This fits nicely with the Gestalt of vitality we investigated in prior weeks. A gestalt of pneuma for you sirs?
Aristotle, as one who modelled this, tells us of something other than pneuma, a complimentary but scarcely perceptible form and a kind of essence that affects the phenomenal lives of all living organisms; he called it psyche. Psyche was the essence, indistinct or not separate from the thing itself.
Psyche was the essence, or form. Pneuma was then, to Aristotle, the animating vital force or heat. (Heat something I've discussed here through the frame of the Buddha and Heraclitus a few newsletters back). As an aside, I really dislike talk of essences, but I’m willing to acknowledge the internal logic here.
He distinguished between the vital heat in lower and higher animals, referring to it as soma physikon pneuma (warm air) for higher animals such as ourselves.
Pneuma mediates the relationship between the form and the body, and the power of the Gestalt of their interaction is reflected as a spark or force in the organism. The amplitude of the arousal or desire created. For Aristotle, pneuma constituted a prime mover represented in the outward perceptible vitality of the organism.
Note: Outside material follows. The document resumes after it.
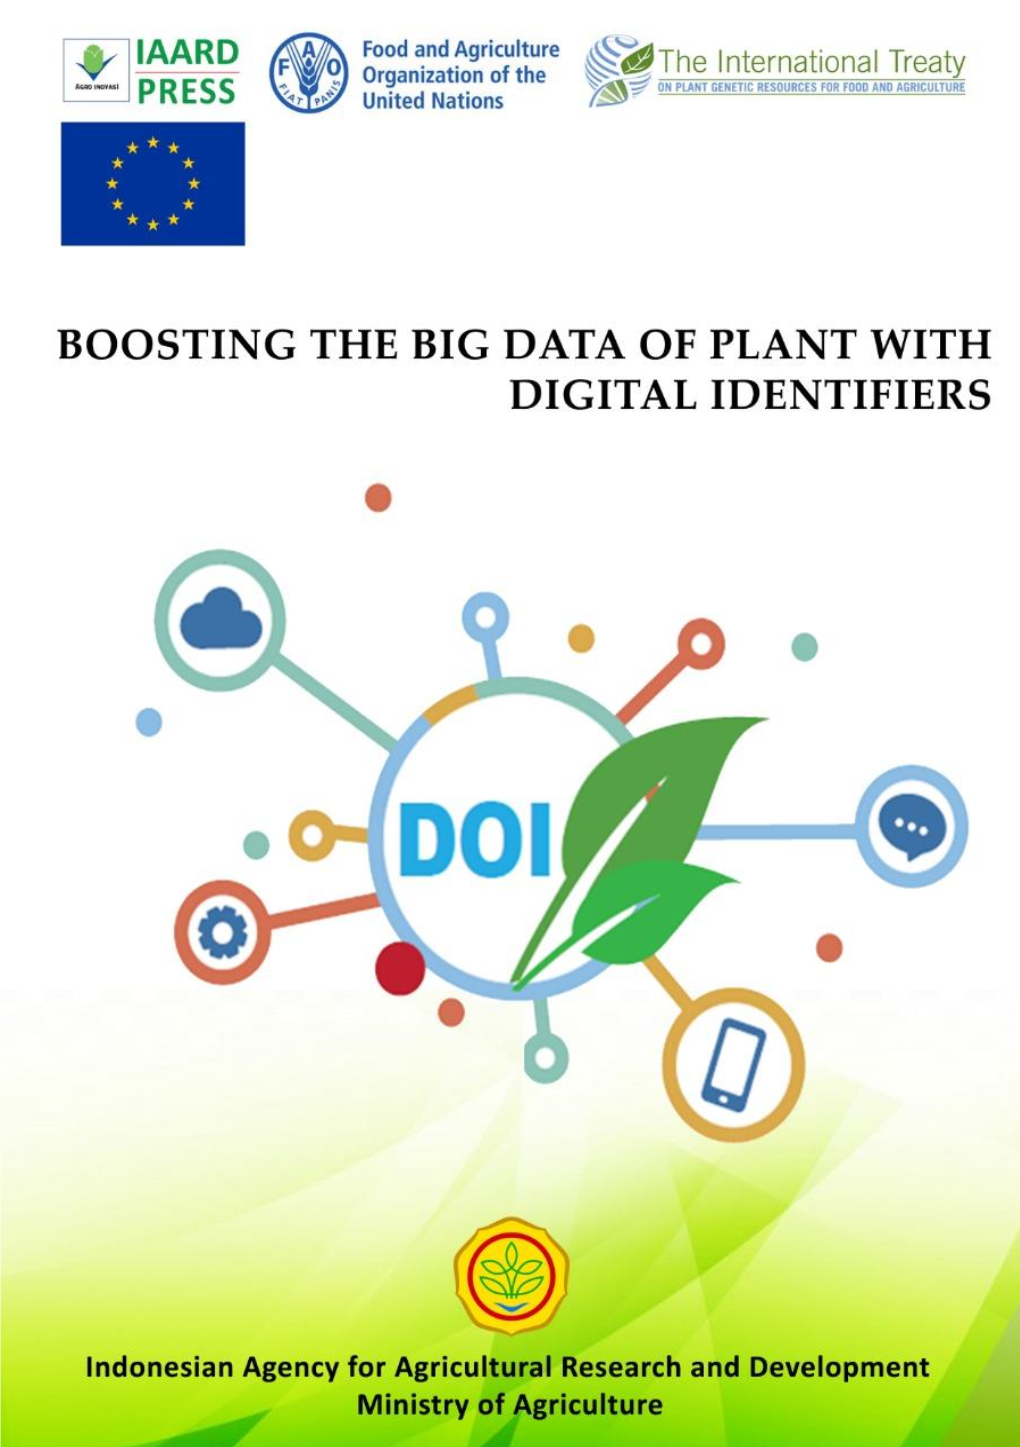 Boosting the Big Data of Plant with Digital Identifiers
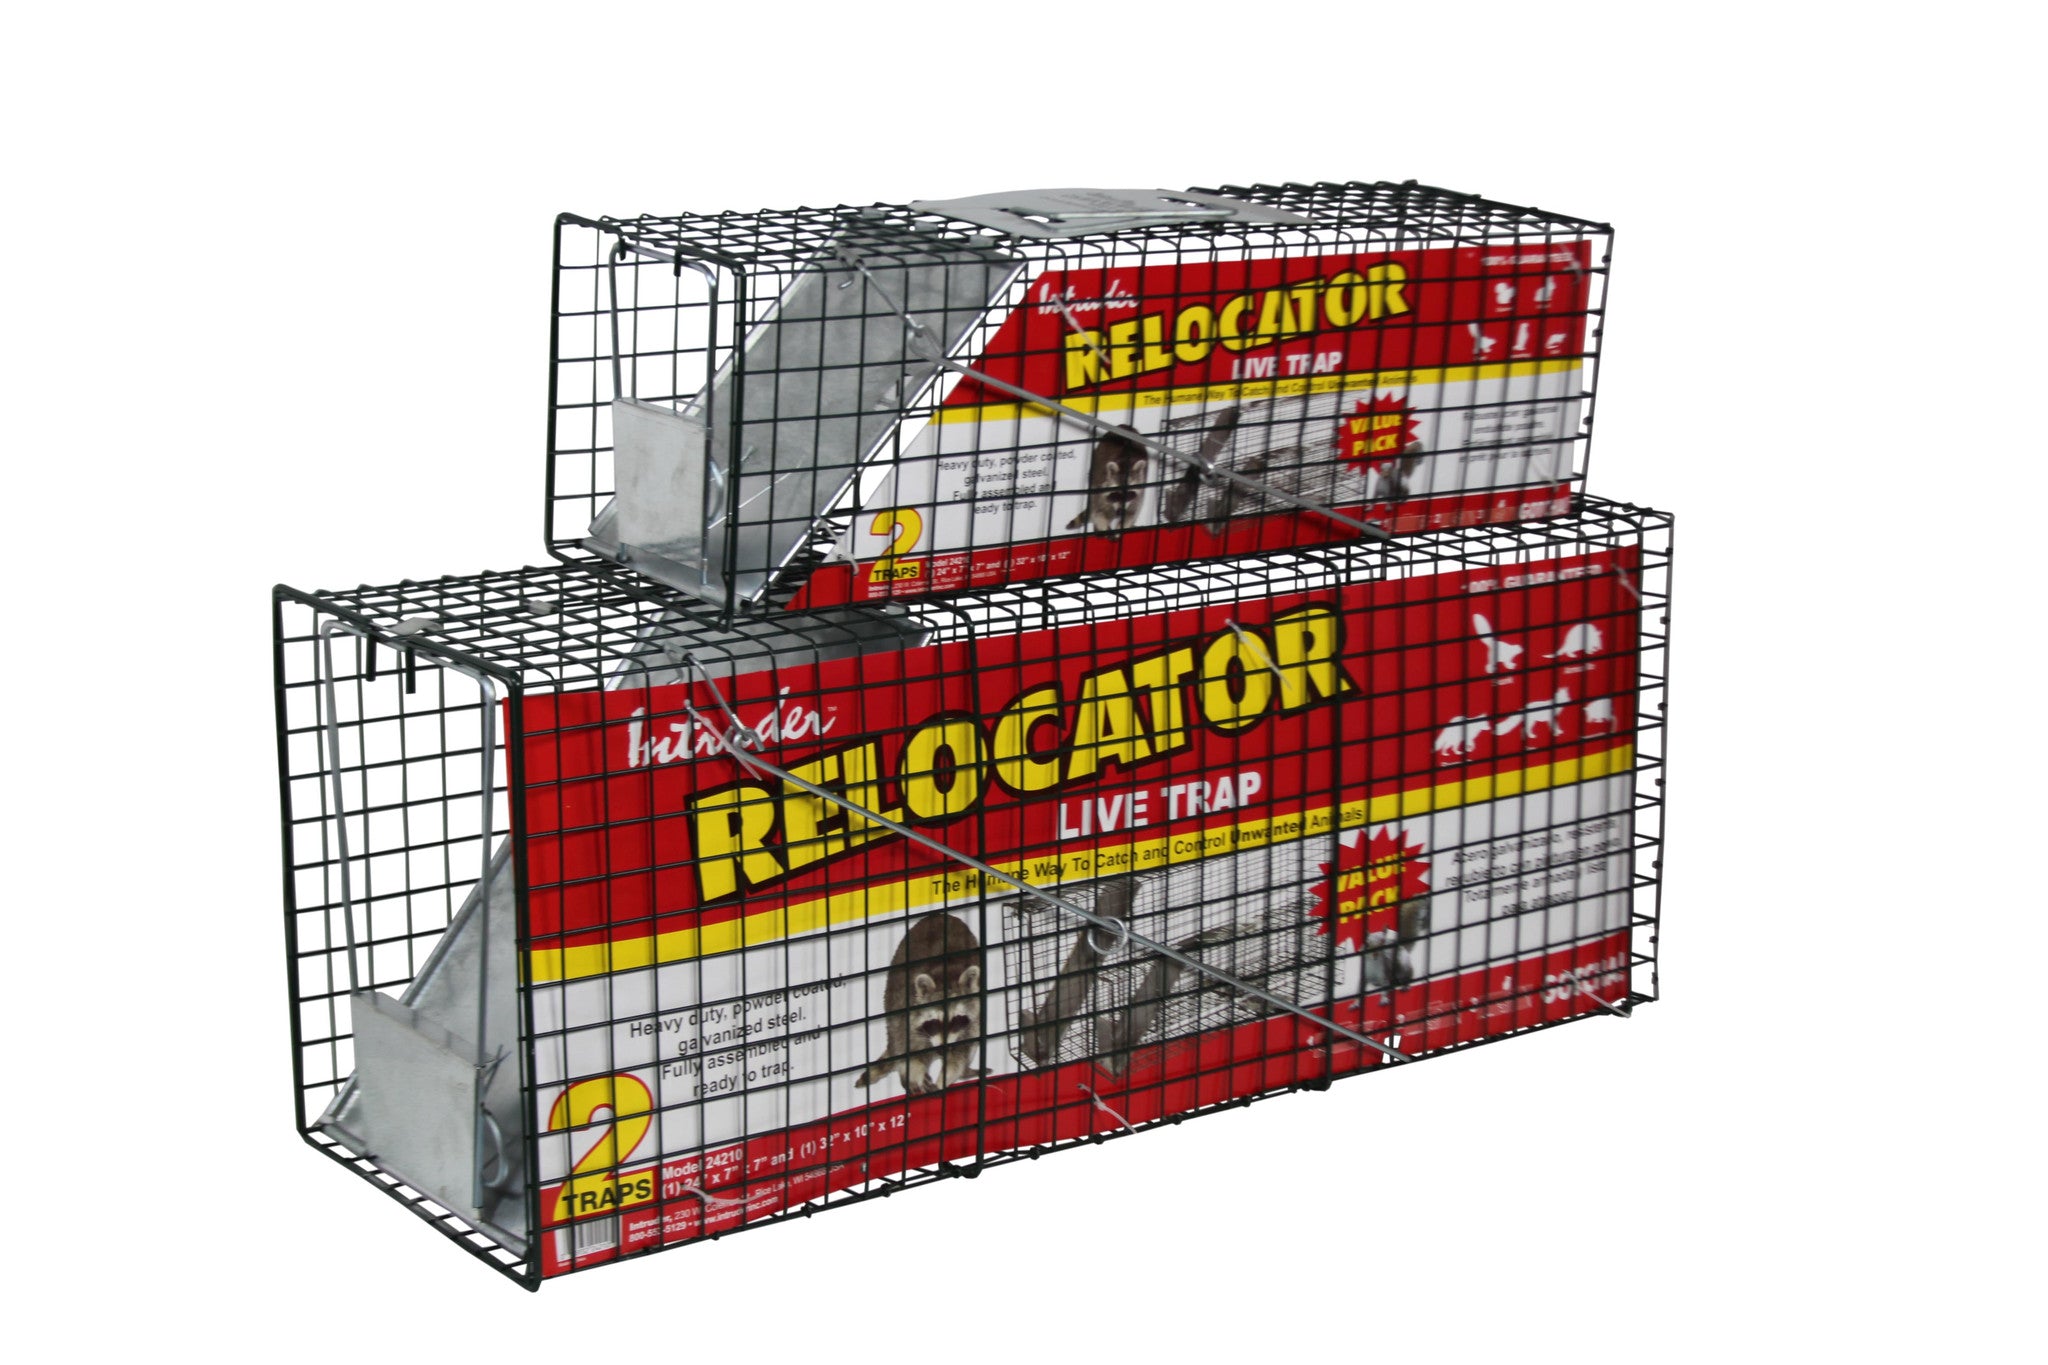 Intruder The Better Mousetrap™, Pack of 6 Traps – Prime Retreat Products

Bringing us back to the original point:
"The Greek word psyche, meaning 'soul', has the same root as psychein, meaning 'to breathe'; and the Greek word pneuma, meaning 'spirit', also means 'wind'. Furthermore, the Latin words animus, meaning 'spirit', and anima, meaning 'soul', come from the Greek anemos, which is another word for 'wind'."
- York University
I would guess the archaic Greeks intuited or just flat out saw as obvious, that heat generated by such processes intermediates between the conditions of mind and body, adjusting and harmonising them.
The Zen tradition approaches life in much the same way, albeit more focused on practice and a little less on models and explanations in the proto-scientific Aristotelean manner.
Posture, breath and mastery comprise a considerable segment of the practice. Entire cultural movements have sprung up surrounding the breath and belly as the central spiritual focus of the human organism in many places in the East, particularly ancient China and Japan. Those familiar with my work here will be familiar with much of this history and technique.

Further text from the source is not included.